Exercise instructions.
Give back the full listing as written. No pictures go with it.

Dataset section.

[Start of section]

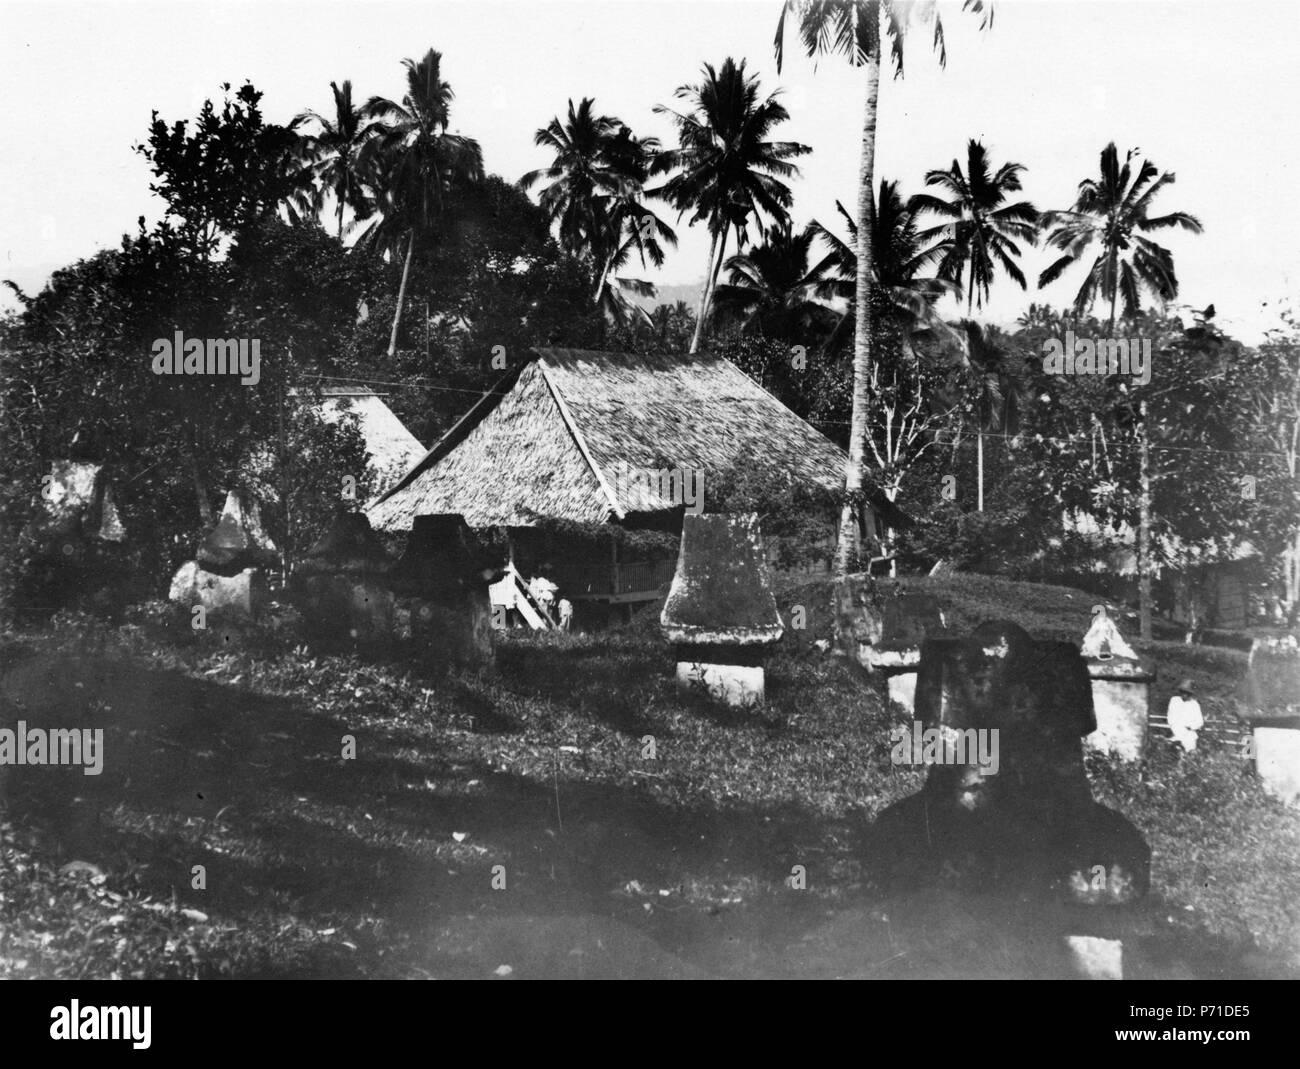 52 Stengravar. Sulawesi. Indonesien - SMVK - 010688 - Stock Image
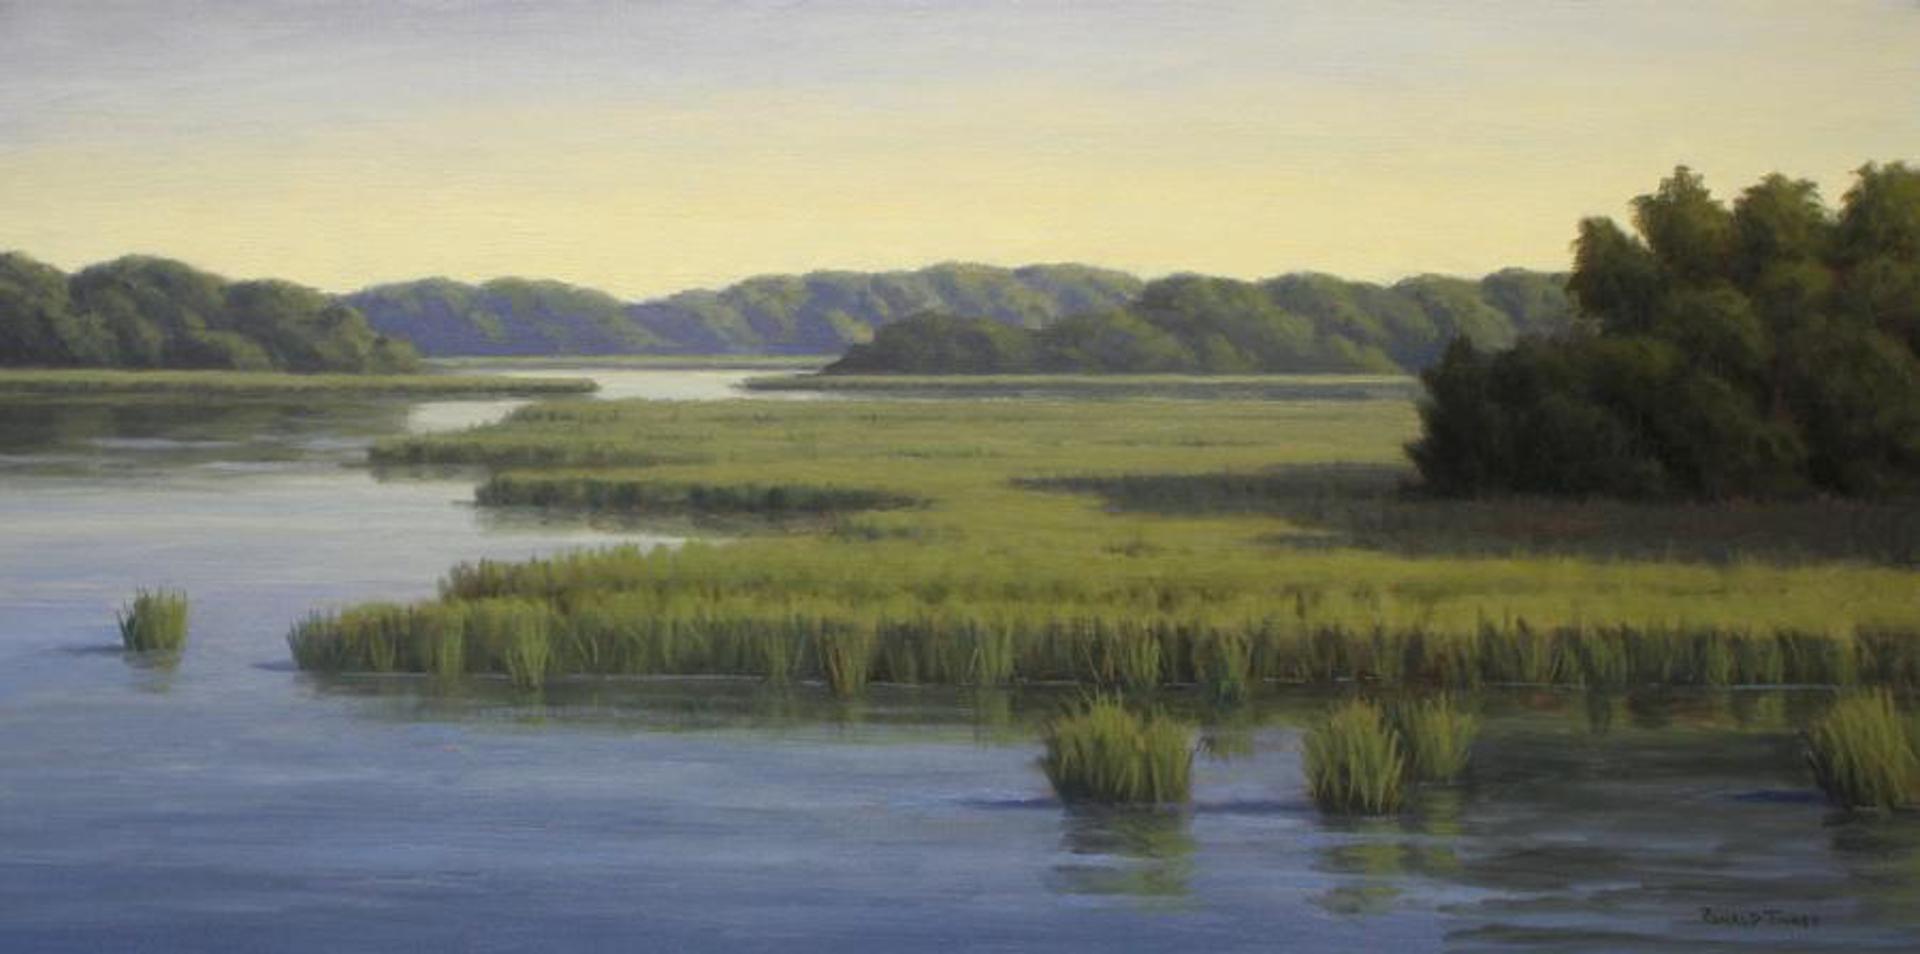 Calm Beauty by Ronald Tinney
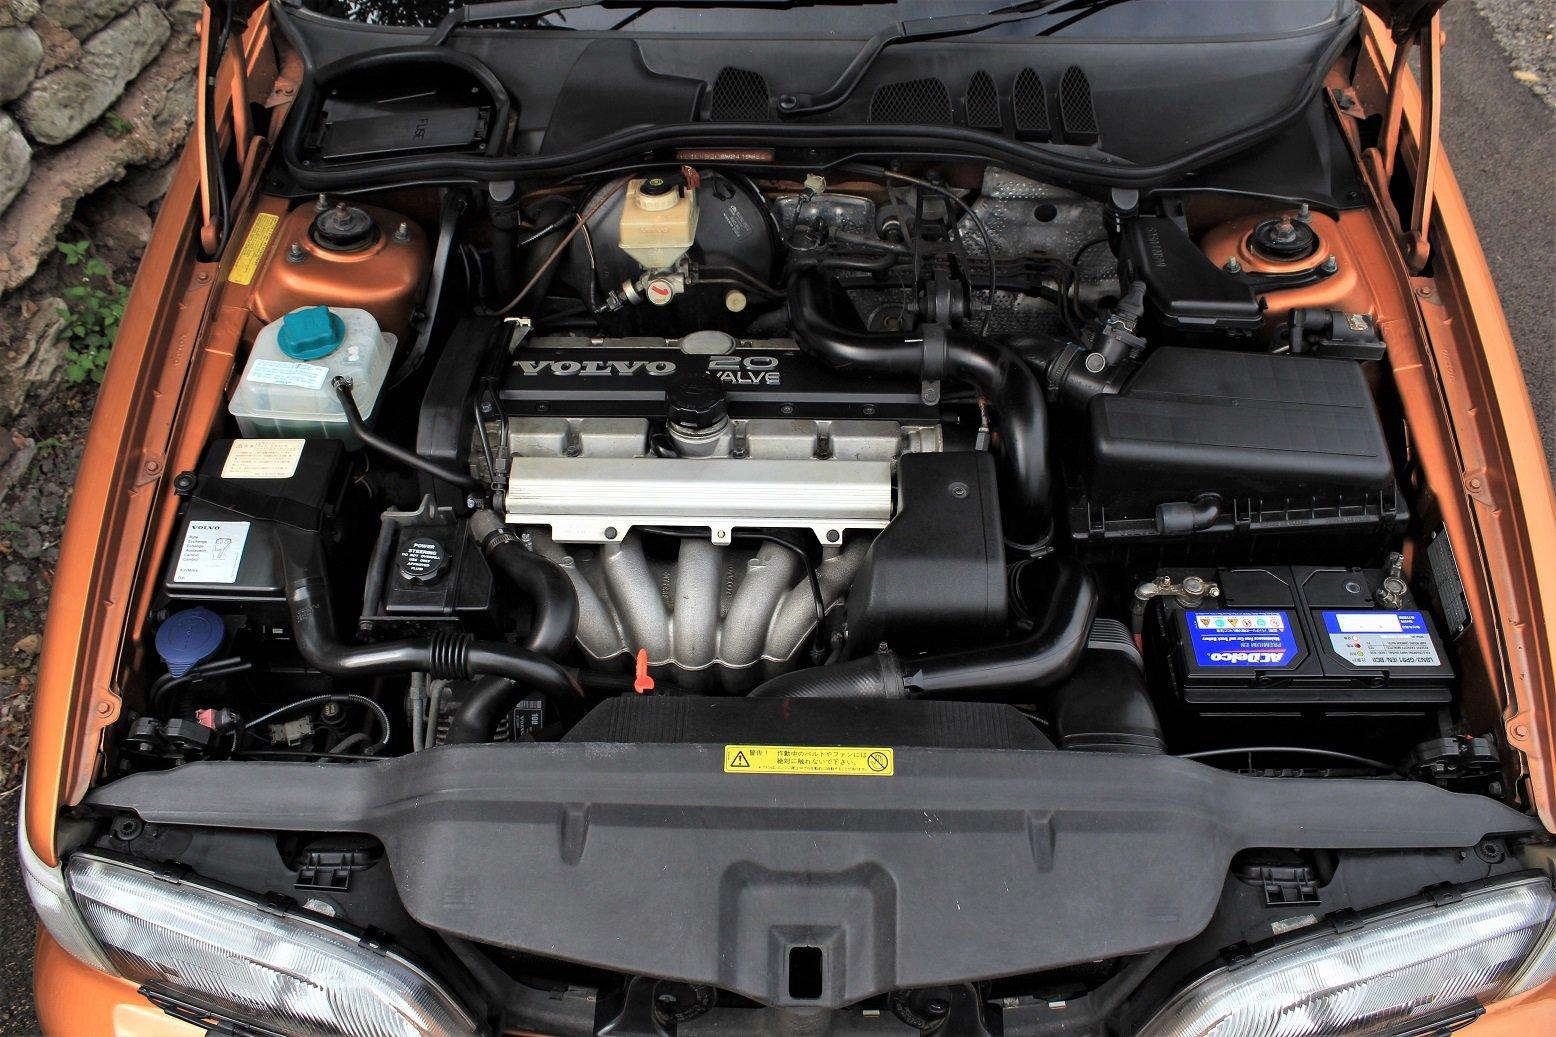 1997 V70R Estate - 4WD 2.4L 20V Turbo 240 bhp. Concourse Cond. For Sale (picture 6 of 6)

[End of section]

Output for this exercise.
 52 Stengravar. Sulawesi. Indonesien - SMVK - 010688 - Stock Image
 Calm Beauty by Ronald Tinney
 1997 V70R Estate - 4WD 2.4L 20V Turbo 240 bhp. Concourse Cond. For Sale (picture 6 of 6)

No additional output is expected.